▶ _RECORDED INFORMATION_:
·····

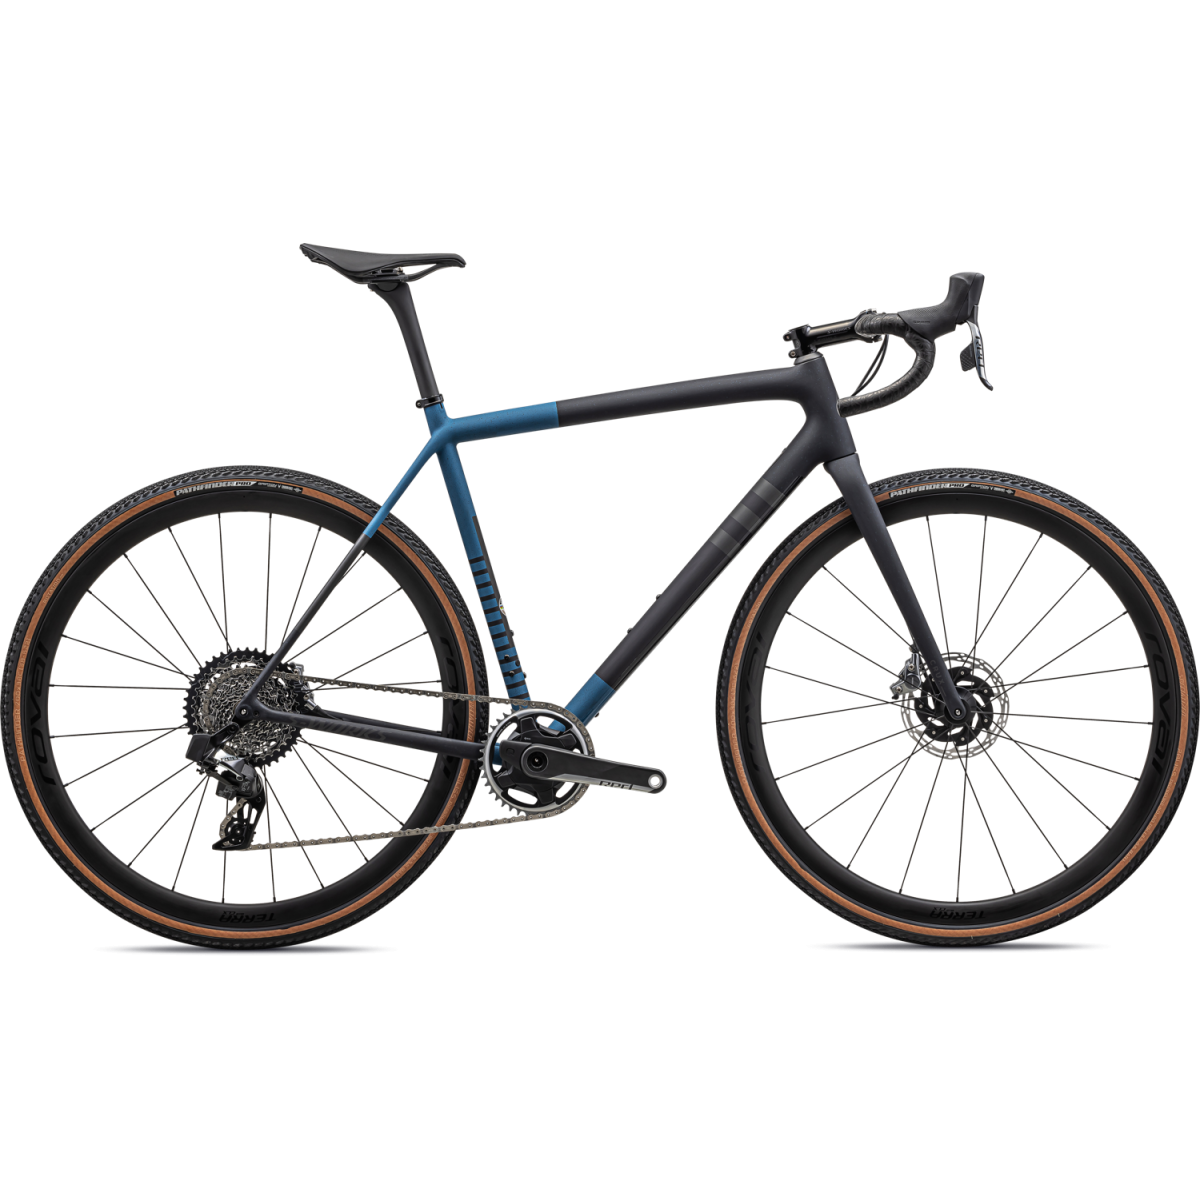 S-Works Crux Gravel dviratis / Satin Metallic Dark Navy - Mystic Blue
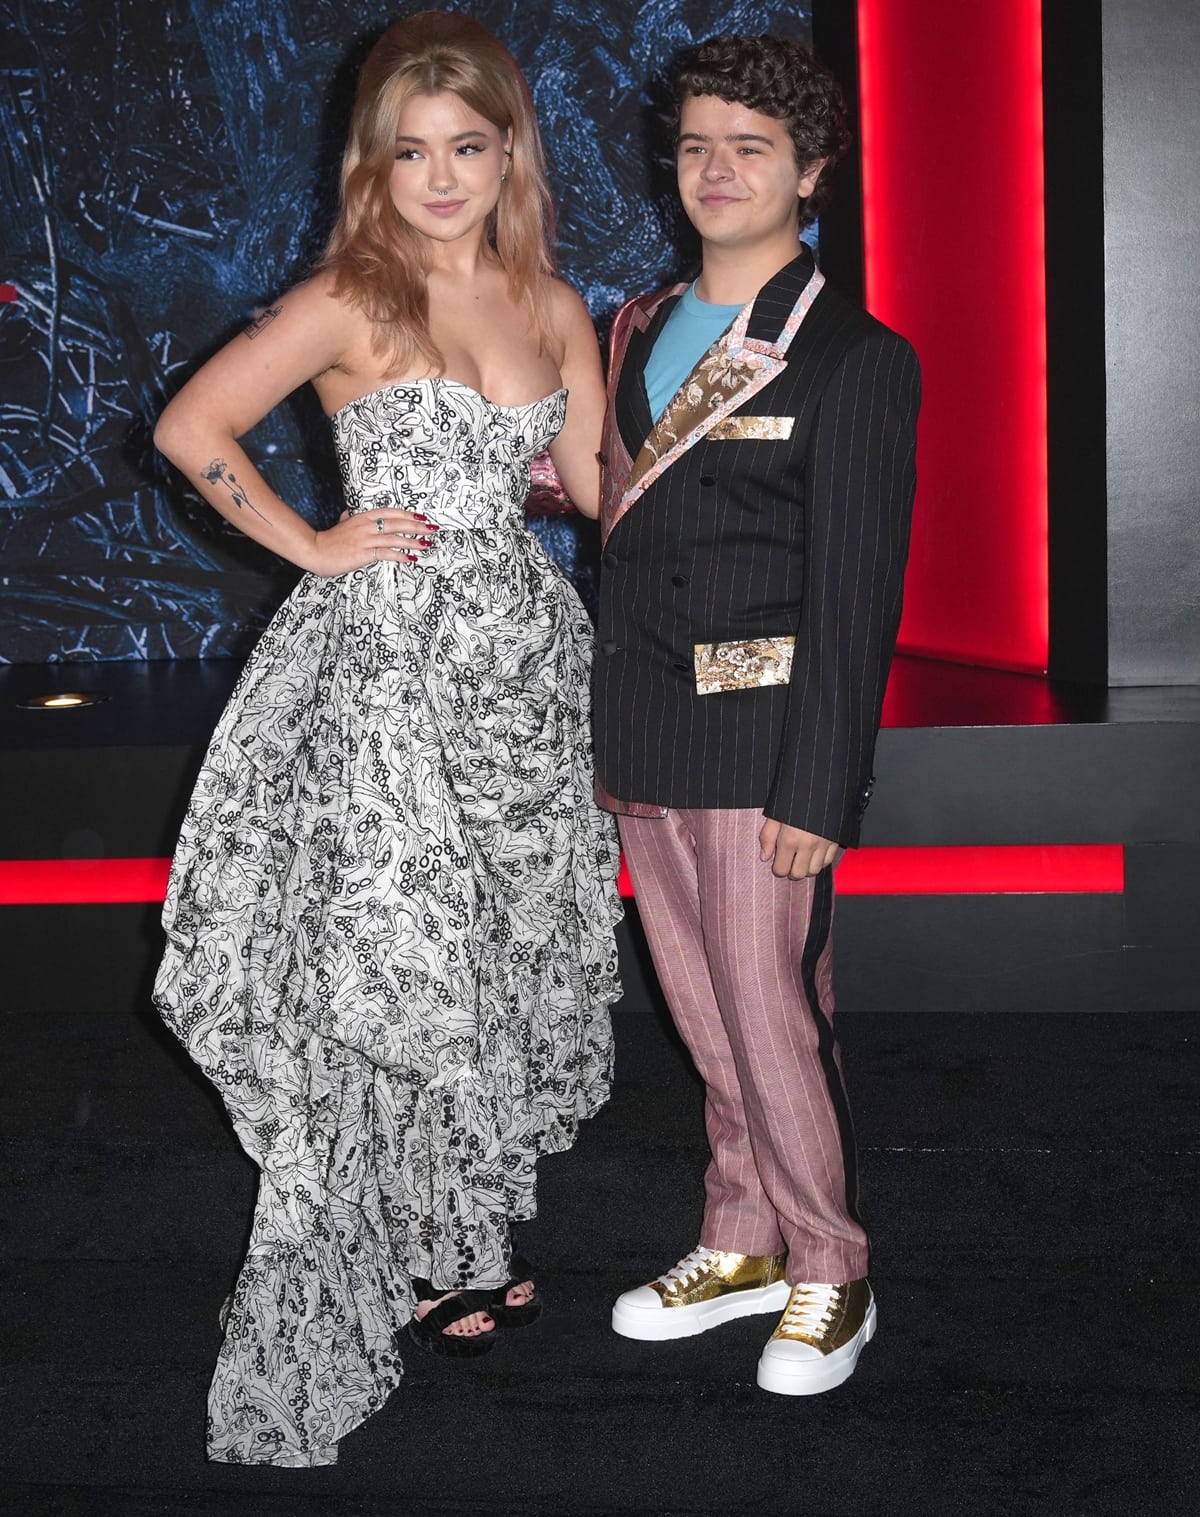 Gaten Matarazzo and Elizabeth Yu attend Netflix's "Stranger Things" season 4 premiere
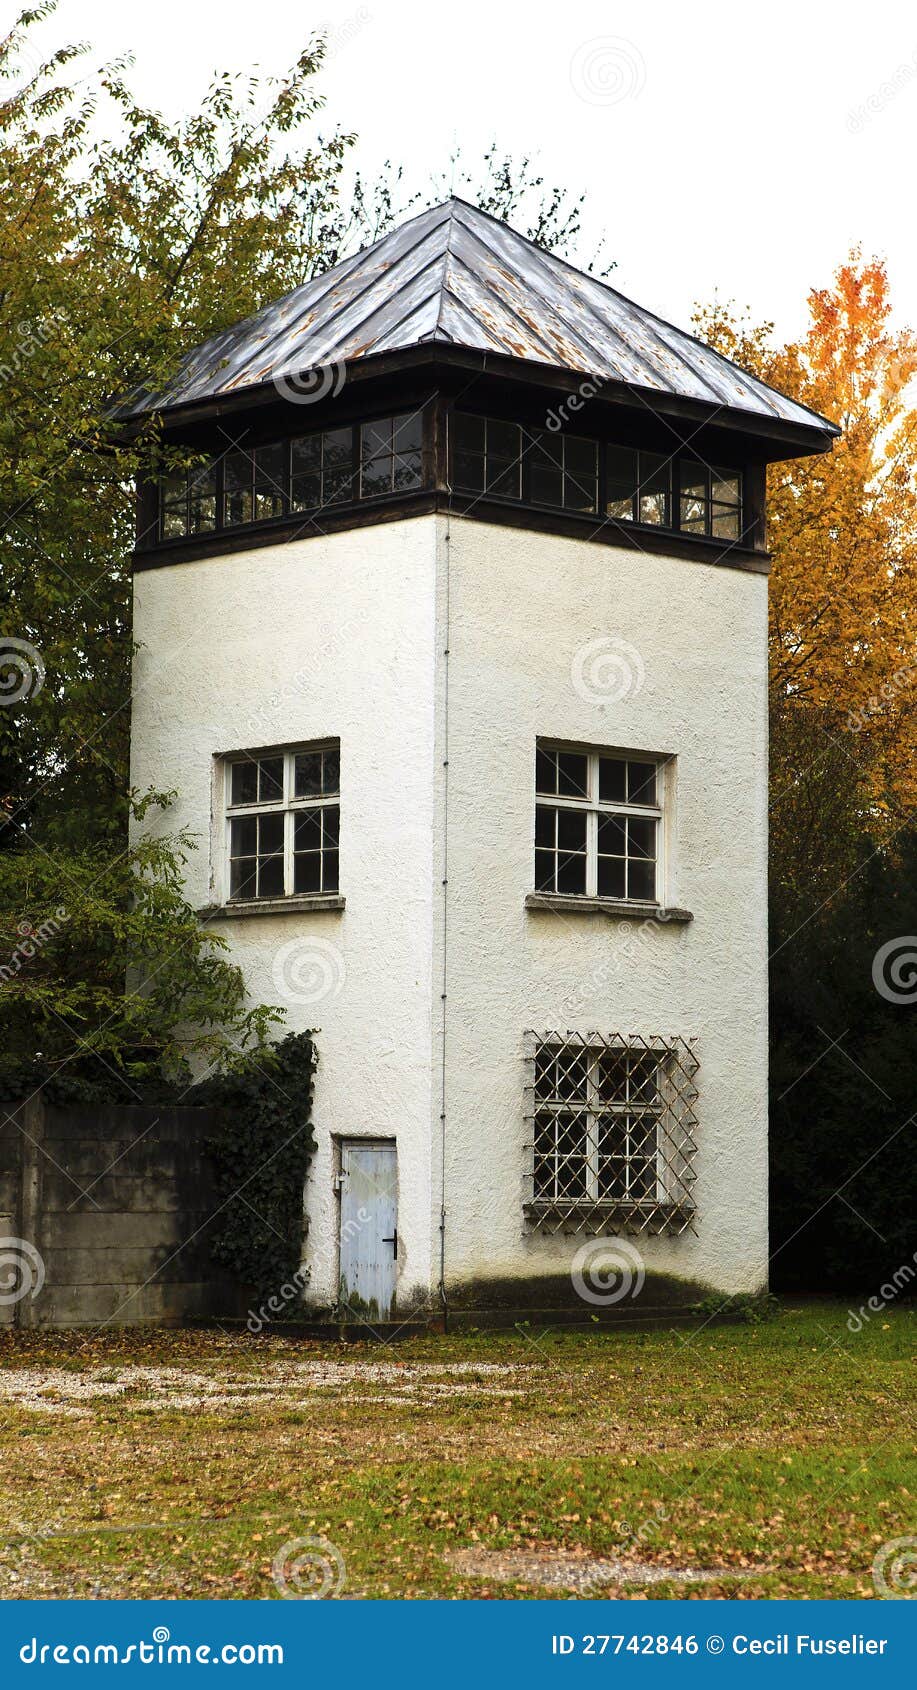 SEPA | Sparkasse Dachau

·····

▶ _EXERCISE PROMPT_: When you write out the material, reproduce each line exactly and omit any picture it holds.

▶ _REPLY_:
 S-Works Crux Gravel dviratis / Satin Metallic Dark Navy - Mystic Blue
 Gaten Matarazzo and Elizabeth Yu attend Netflix's "Stranger Things" season 4 premiere
 SEPA | Sparkasse Dachau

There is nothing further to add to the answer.